__GOAL OF THE EXERCISE__:
You are asked to filter the data below and copy every line holding "фото".

[Excerpts from a dataset]
▼

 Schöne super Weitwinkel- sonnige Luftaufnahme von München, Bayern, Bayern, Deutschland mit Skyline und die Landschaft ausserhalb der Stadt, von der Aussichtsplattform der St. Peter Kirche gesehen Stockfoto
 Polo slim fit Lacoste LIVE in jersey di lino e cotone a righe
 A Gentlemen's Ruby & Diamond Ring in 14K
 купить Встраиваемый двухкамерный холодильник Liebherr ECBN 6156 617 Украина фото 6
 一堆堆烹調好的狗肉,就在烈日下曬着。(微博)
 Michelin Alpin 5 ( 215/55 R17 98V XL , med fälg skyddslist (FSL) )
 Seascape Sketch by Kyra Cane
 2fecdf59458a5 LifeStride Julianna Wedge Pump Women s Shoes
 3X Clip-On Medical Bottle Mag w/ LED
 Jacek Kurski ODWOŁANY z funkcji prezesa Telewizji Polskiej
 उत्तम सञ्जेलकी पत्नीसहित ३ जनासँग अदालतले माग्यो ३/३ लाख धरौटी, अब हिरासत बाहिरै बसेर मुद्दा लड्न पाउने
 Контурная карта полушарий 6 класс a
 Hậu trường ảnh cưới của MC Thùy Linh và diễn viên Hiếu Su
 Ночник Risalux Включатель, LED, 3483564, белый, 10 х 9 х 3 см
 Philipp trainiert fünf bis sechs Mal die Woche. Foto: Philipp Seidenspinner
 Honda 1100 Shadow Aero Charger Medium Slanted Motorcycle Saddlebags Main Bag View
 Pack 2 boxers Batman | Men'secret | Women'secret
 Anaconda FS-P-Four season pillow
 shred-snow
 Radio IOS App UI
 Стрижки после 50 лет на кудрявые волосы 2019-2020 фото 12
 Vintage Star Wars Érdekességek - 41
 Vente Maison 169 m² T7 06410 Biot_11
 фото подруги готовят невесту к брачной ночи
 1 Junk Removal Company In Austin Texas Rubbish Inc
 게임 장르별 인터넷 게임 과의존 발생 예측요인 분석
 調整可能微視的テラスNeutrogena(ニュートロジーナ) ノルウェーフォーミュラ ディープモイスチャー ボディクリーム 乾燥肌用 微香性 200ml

▲

__ANSWER FOR THE TASK__:
 купить Встраиваемый двухкамерный холодильник Liebherr ECBN 6156 617 Украина фото 6
 Стрижки после 50 лет на кудрявые волосы 2019-2020 фото 12
 фото подруги готовят невесту к брачной ночи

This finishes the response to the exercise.